- Born: Janet Carolin Hughes 4 March 1921
- Died: 21 May 2016 (aged 95) Oxford, England
- Other names: Jane Hughes
- Occupations: Preservationist, author, codebreaker, singer
- Known for: Decoding a message, which enabled the Royal Navy to sink the Bismarck

= Jane Fawcett =

British code-breaker, singer, and preservationist

Jane Fawcett MBE (née Hughes; 4 March 1921 – 21 May 2016) was a British codebreaker, singer, and heritage preservationist. She recently became known for her role in decoding a message, which led to the sinking of the German battleship Bismarck. From 1963 to 1976 she served as the secretary of the Victorian Society. She wrote and edited works including The Future of the Past; Seven Victorian Architects; The Village in History and Save the City.

==Early life==
Janet Carolin (or Caroline) Hughes was born on 4 March 1921 the daughter of George Hughes, the clerk of the Goldsmiths' livery company, and his wife, Margaret (nee Graham). Her paternal grandparents were Thomas McKenny Hughes, the 8th Woodwardian Professor of Geology at Cambridge University and Mary Caroline Hughes.

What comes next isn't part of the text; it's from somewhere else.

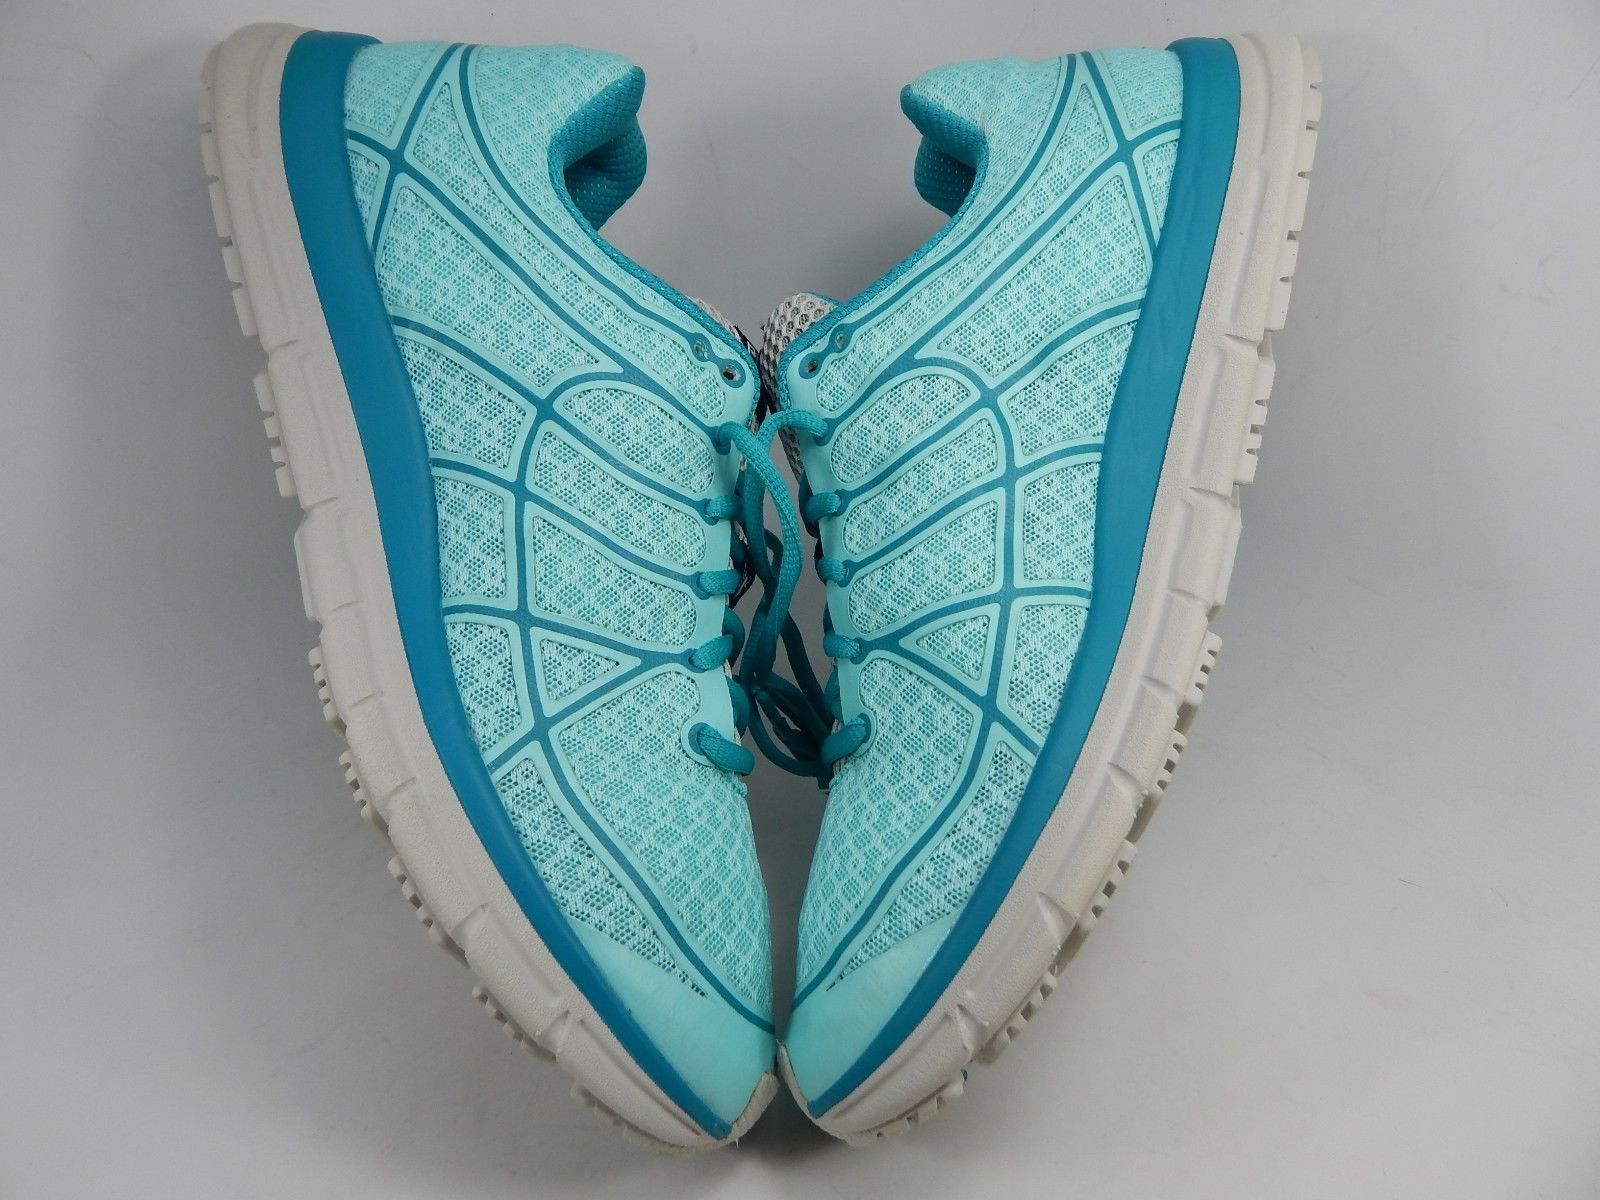 Pearl Izumi EM Road N 2 Women's Running Shoes Size 10.5 M (B) EU 42.5 Green

Jane was raised in London, attended Miss Ironside's School for Girls in Kensington, trained as a ballet dancer, and was admitted to the Royal Ballet School. As a young woman of 17, she was told she was "too tall" to be a professional dancer, and her promising ballet career ended. She was then sent to Zürich to learn German, shortly thereafter moving to the St Moritz ski resort.

After six months, she was told by her parents to return home to "come out" as a debutante. She found that lifestyle boring, "a complete waste of time" and was relieved when invited by a friend to apply to the Bletchley Park project.

==Wartime service==
In 1940, at the age of 18, she was interviewed by senior codebreaker Stuart Milner-Barry, and joined the secret codebreaking project at Bletchley Park. She joined a group of women known as the "Debs of Bletchley Park", so called because they were women recruited from upper classes, debutantes, to work in secret as part of the Enigma project. Hughes was assigned to Hut 6, a "Decoding Room" of women only. The conditions were poor—dimly lit, poorly heated, and poorly ventilated—and the women worked long hours under extreme pressure. In Hut 6, Jane and other women like her would receive the daily Enigma keys and type them into their own Typex machines. They would then determine if the messages were recognizable German.

On 25 May 1941, Hughes and several other women were briefed on the search for the German battleship Bismarck. Shortly thereafter, she decoded a message referring to the Bismarck that detailed its current position and destination in France. The Bismarck was subsequently attacked by the Royal Navy and sunk on 27 May. This was the first significant victory by the codebreakers, demonstrating the utility of the project.

Her work did not come to light until decades later, during the 1990s, as it had been classified under Britain's Official Secrets Act. Compared with the publicly acknowledged heroics of the navy, Fawcett said "we felt slightly ashamed of having only done Bletchley, like also-rans. So when everything we had done, which we knew had been very hard work and incredibly demanding, suddenly showed its head and we were being asked to talk about it, it felt quite overwhelming. I'd never told a soul, not even my husband. My grandchildren were very surprised."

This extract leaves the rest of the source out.